All Products
Search
Document Center

DataWorks:Large language model node

Last Updated:Jun 22, 2026

Large language model (LLM) nodes let you process unstructured text data, such as user reviews, product descriptions, and customer service logs, directly in DataWorks pipelines. With natural language instructions, you can perform text summarization, sentiment analysis, content classification, and information extraction without writing complex algorithms, seamlessly integrating AI into your existing ETL workflows.

Prerequisites

Deploy a model service in DataWorks. For more information, see Deploy a model.

Important

The choice of models and resource specifications directly affects the performance and response speed of the model service. In addition, the model service incurs resource group fees.

LLM node configuration

Configure an LLM node with the following settings.

Parameter

Description

Model service

The model service that you deployed in the prerequisites.

Model name

The model from the model service. A default model is preselected.

System prompt

Defines the model's behavior, including its role, capabilities, and rules.

Use the ${param} format to reference parameters.

User prompt

A specific question or instruction for the model. DataWorks provides four built-in templates for quick selection.

Use the ${param} format to reference parameters.

For example, a prompt can be: Select the items that match ${catalog}. In this prompt, catalog is a node or pipeline parameter.

Example

The following example demonstrates how to use an LLM node in a pipeline and pass parameters between nodes.

  1. Log in to the DataWorks LLM service and create a model service based on Qwen3-1.7B. For Resource Group, select the resource group that is bound to the current workspace.

  2. Go to Data Studio and create a pipeline that contains the following nodes.

    image

  3. Configure the assignment node . In the toolbar at the lower right, set the language to Shell and then enter the following code.

    For more information about this node, see Assignment node.
    echo 'DataWorks';
  4. Configure the large language model node.

    1. Select the model service and model name you configured previously.

    2. Set the user prompt to the following:

      Write an introduction about ${title} with a word limit of ${length}.
    3. In the configuration panel on the right, select Run Configuration > Resource Group, and change the resource group to the one that you selected when you created the large model service.

    4. In the configuration panel on the right, under Scheduling configuration > Scheduling parameters , add the parameter title with the value output of the upstream node and the parameter length with a fixed value of 300.

      To bind the output of an upstream node, click the image icon to the right of the value input field.
  5. Configure the MaxCompute SQL node to retrieve the result from the large language model.

    Important

    You must bind the MaxCompute SQL node to a MaxCompute resource.

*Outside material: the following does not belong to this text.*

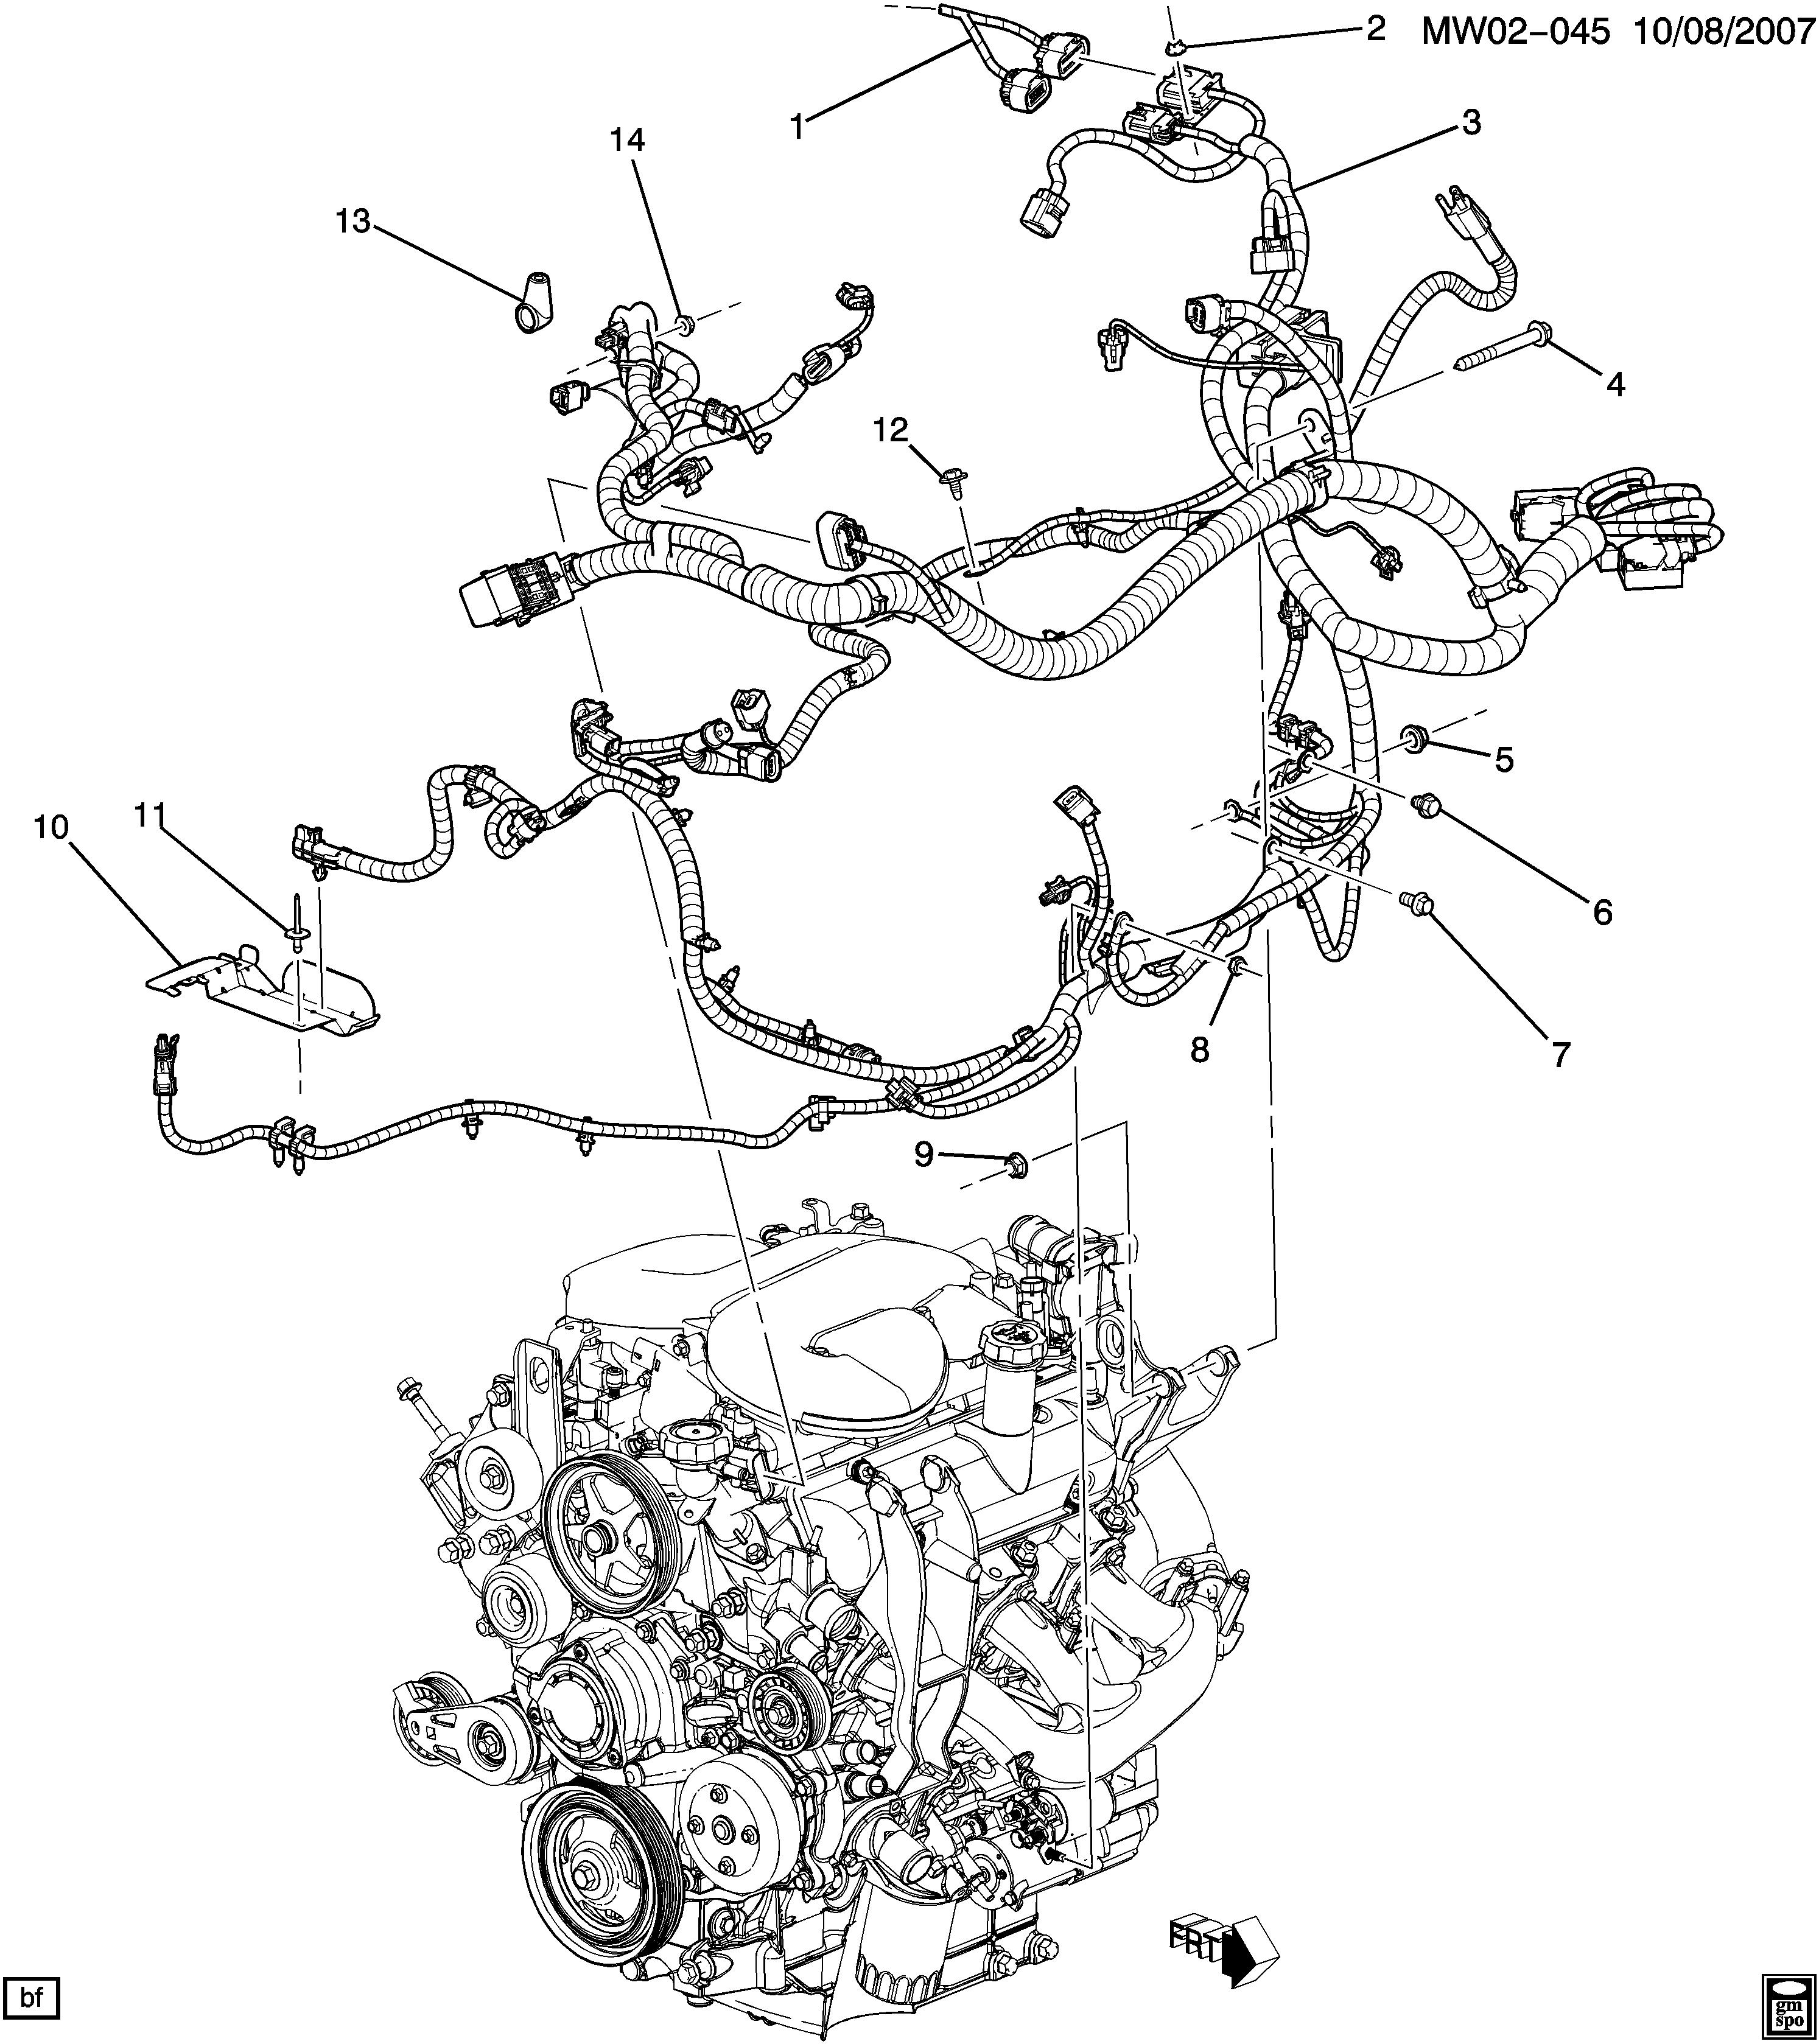 [ZTBE_9966]  Impala Wiring Harness - Pollak 7 Pin Round Wiring Diagram for Wiring Diagram  Schematics | 2007 Chevy Impala Engine Diagram |  | Wiring Diagram Schematics

If you do not have a resource, you can use a Shell node to display the output instead.

    1. Enter the following code:

      select '${content}';
    2. In the configuration panel on the right, select Run Configuration > Resource Group, and change the resource group to the one that you selected when you created the large model service.

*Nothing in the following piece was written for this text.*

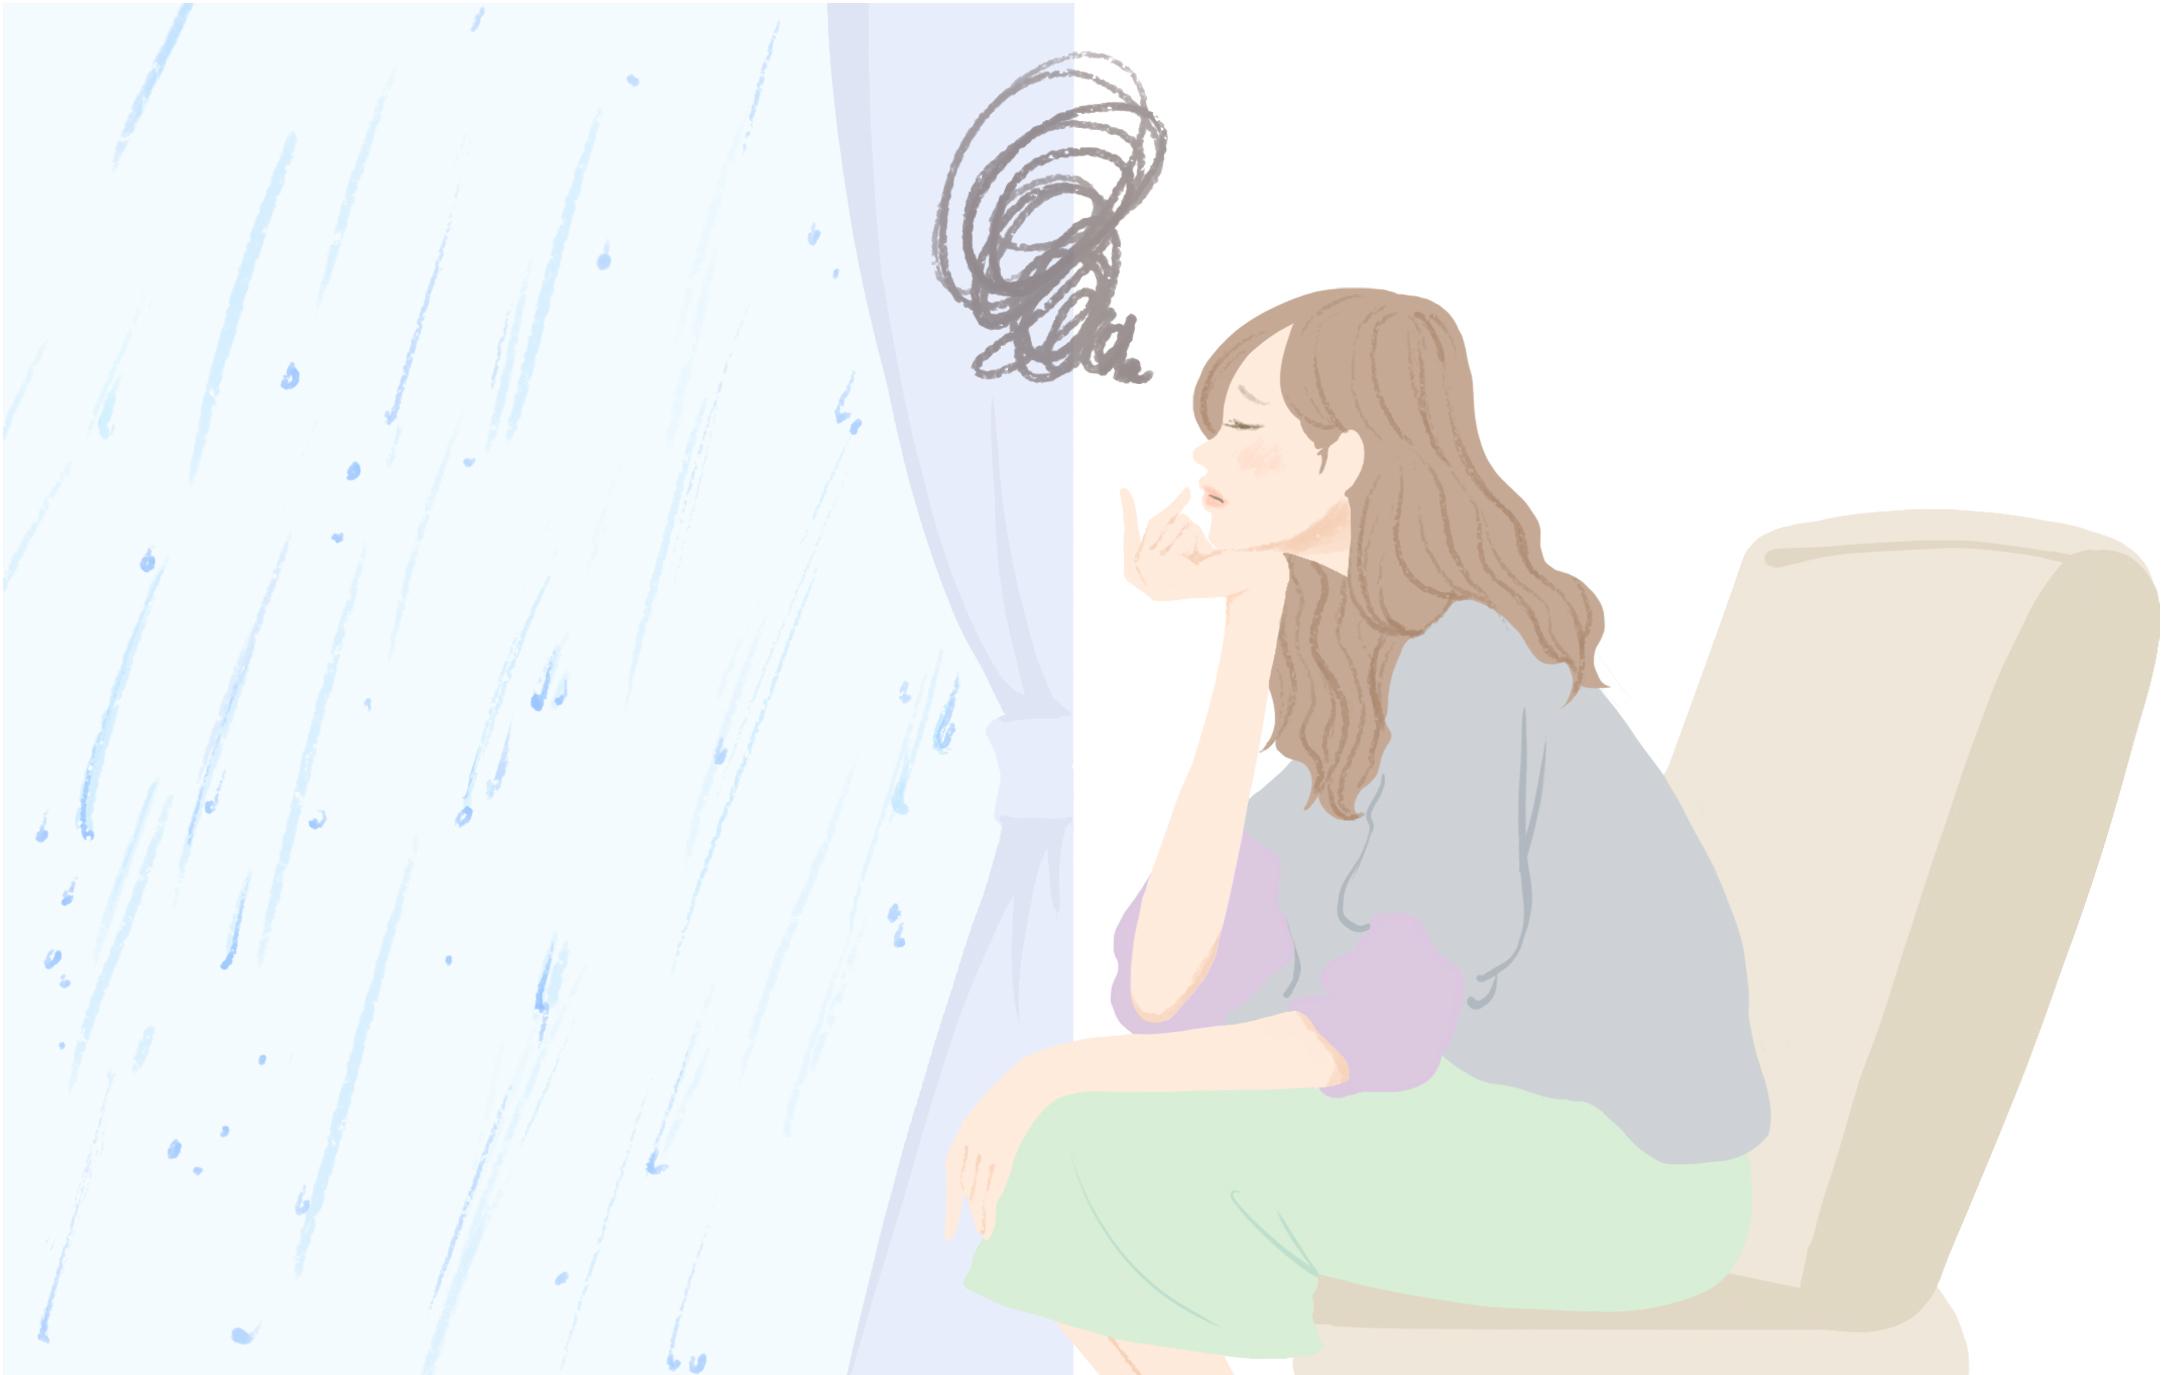 コラム_頭痛、肩こり,疲労感_01.jpg

    3. On the right, under Scheduling Settings > Scheduling Parameters, add the parameter content and set its value to output of the upstream node .

      To bind the output of an upstream node, click the image icon to the right of the value input field.

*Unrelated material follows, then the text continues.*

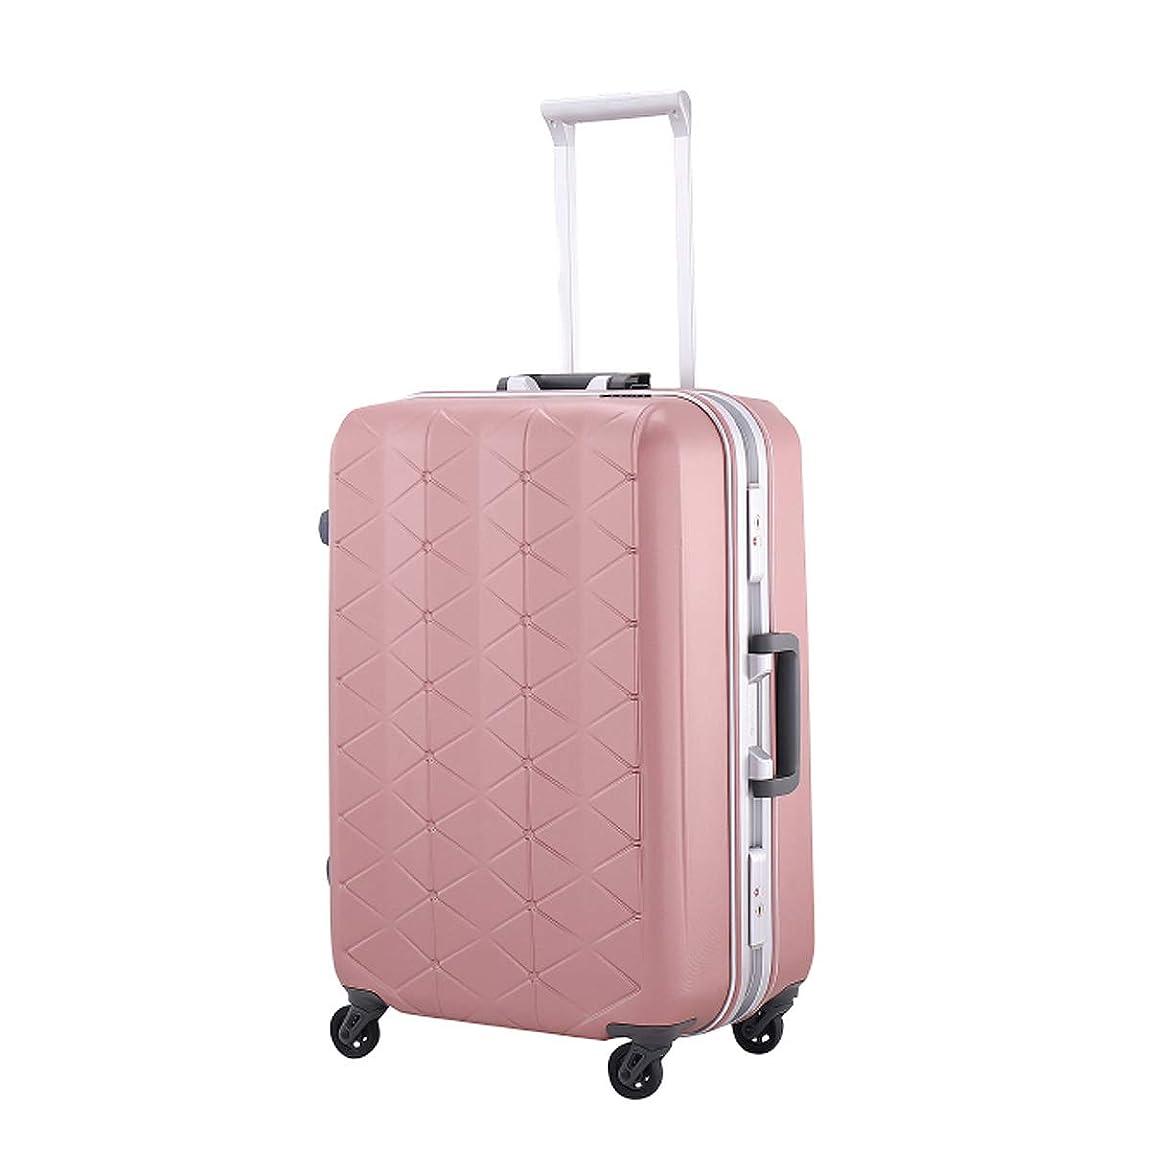 子羊コンソール情報[サンコー] SUPER LIGHTS MGC スーツケース スーパーライト 73L 軽量 中型 抗菌ハンドル マグネシウムフレーム 大容量 63 cm 3.8kg

      Once bound, the parameter value is displayed as The outputs parameter of the llmtest node is bound.

  6. Return to the pipeline, click Run at the top, and in the pop-up window, enter the run parameters.

  7. After a successful run, the MaxCompute SQL node returns a result from the large language model similar to the following:

    DataWorks is an enterprise data development and management platform from Alibaba Cloud. It supports data collection, cleansing, integration, scheduling, and visualization for large-scale data processing.
    It provides a visual interface, connects to various data sources, and features powerful task scheduling and data quality monitoring.
    DataWorks handles both real-time and batch processing, helping enterprises manage data as assets and improve efficiency.
    Its unified process helps build reliable data pipelines for data governance and intelligent analysis.